Dun & Bradstreet reported in 2006 that the industry's estimated 4,440 establishments posted annual sales of nearly $1.96 billion with about 16,499 employees. Mississippi led with more than $513 million in sales followed by California with $418 million in sales and Texas in third with about $296 million in sales.

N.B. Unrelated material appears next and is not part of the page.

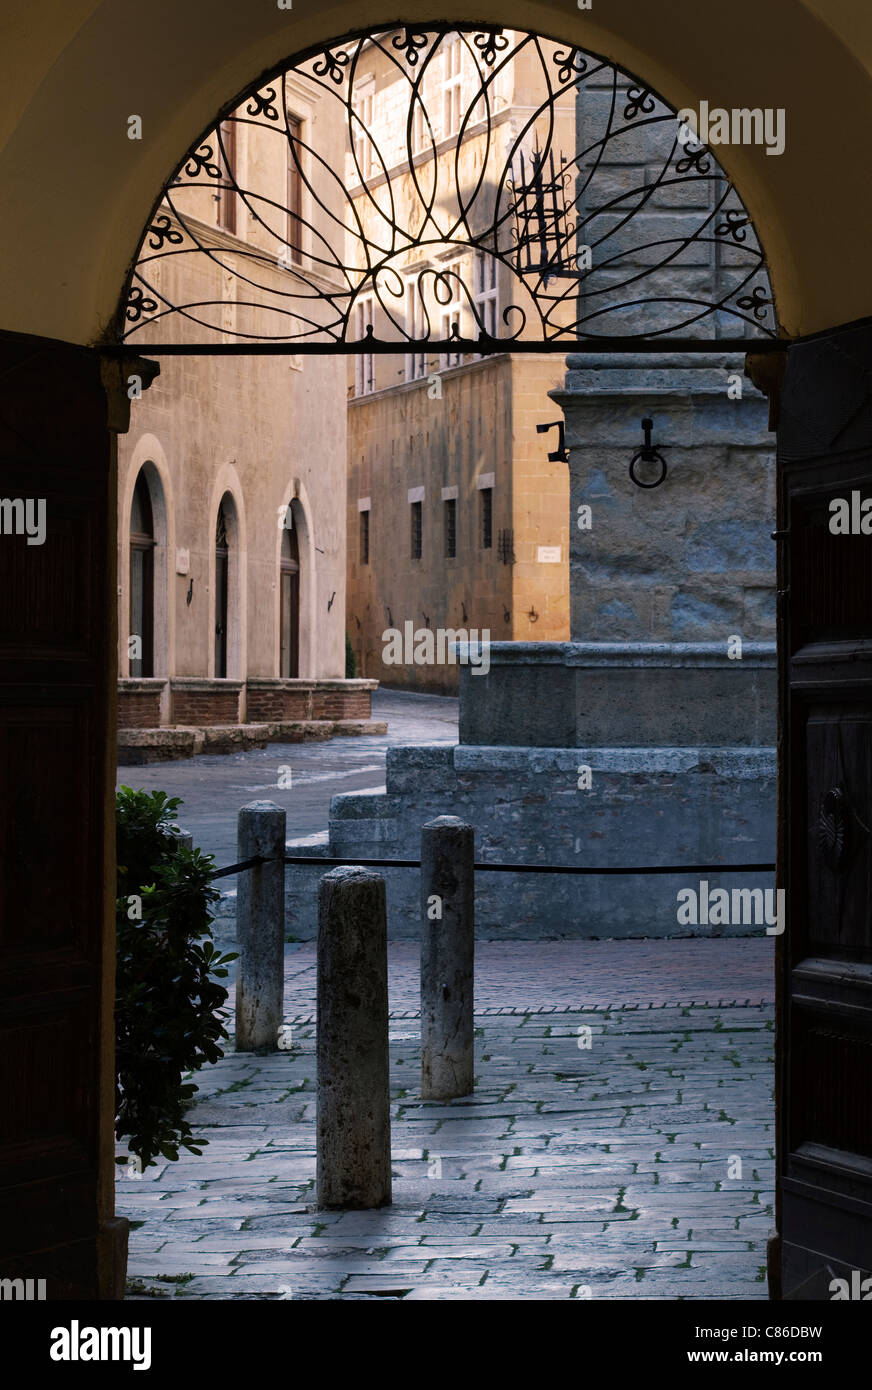 Street scene - Pienza, Tuscany - Early morning doorway. Stock Photo
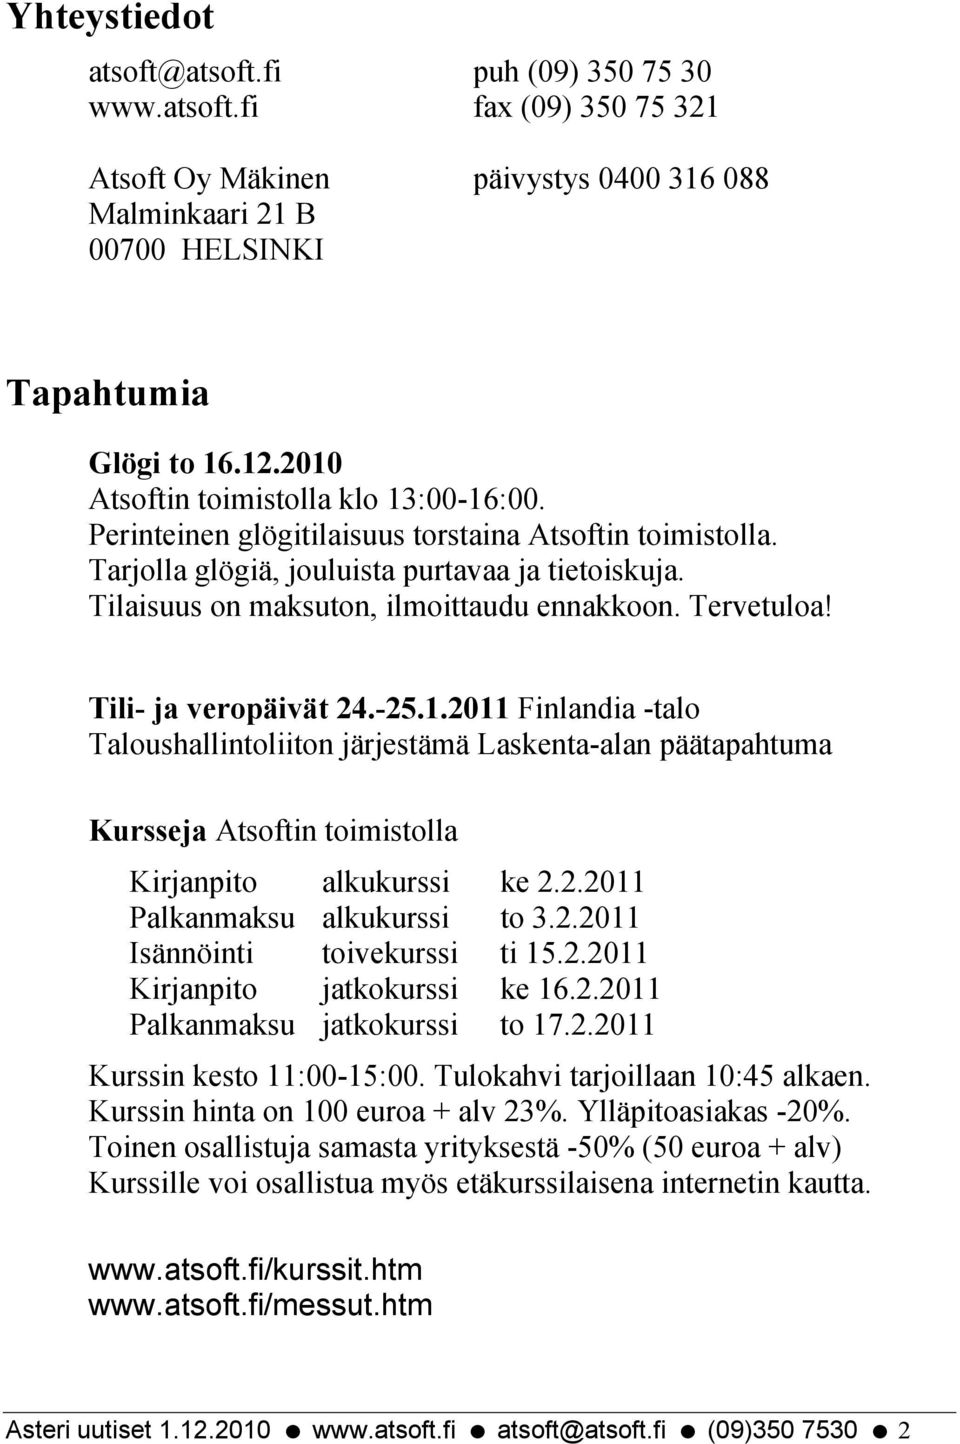 Tervetuloa! Tili- ja veropäivät 24.-25.1.2011 Finlandia -talo Taloushallintoliiton järjestämä Laskenta-alan päätapahtuma Kursseja Atsoftin toimistolla Kirjanpito alkukurssi ke 2.2.2011 Palkanmaksu alkukurssi to 3.

BACKGROUND AND DEVELOPMENT

Earliest records of domesticated cotton, or gossypium, date back to 5000 B.C. and traces of cotton processed into cloth have been found in Peru with the estimated date of 2500 B.C. Since the eighteenth century, the United States has been a leading producer of cotton, usually the second largest. Virginian colonists grew and exported small amounts of cotton since the founding of the colony in 1607, using imported seed from the West Indies. However, it was the invention of Eli Whitney's cotton gin in 1793 that allowed cotton to become a major component of the American economy. According to Harold Woodman, author of King Cotton and His Retainers, exports of cotton increased from 500,000 pounds in 1793 to more than 90 million pounds in 1810. In the three decades preceding the American Civil War, cotton production accounted for more than half of the nation's exports. Spurred by continuing worldwide demand, U.S. cotton production and acres planted grew steadily until peaking in 1925, when 45 million acres of American soil were planted with cotton. By the early 1990s U.S. mills annually consumed some 4 billion pounds of cotton.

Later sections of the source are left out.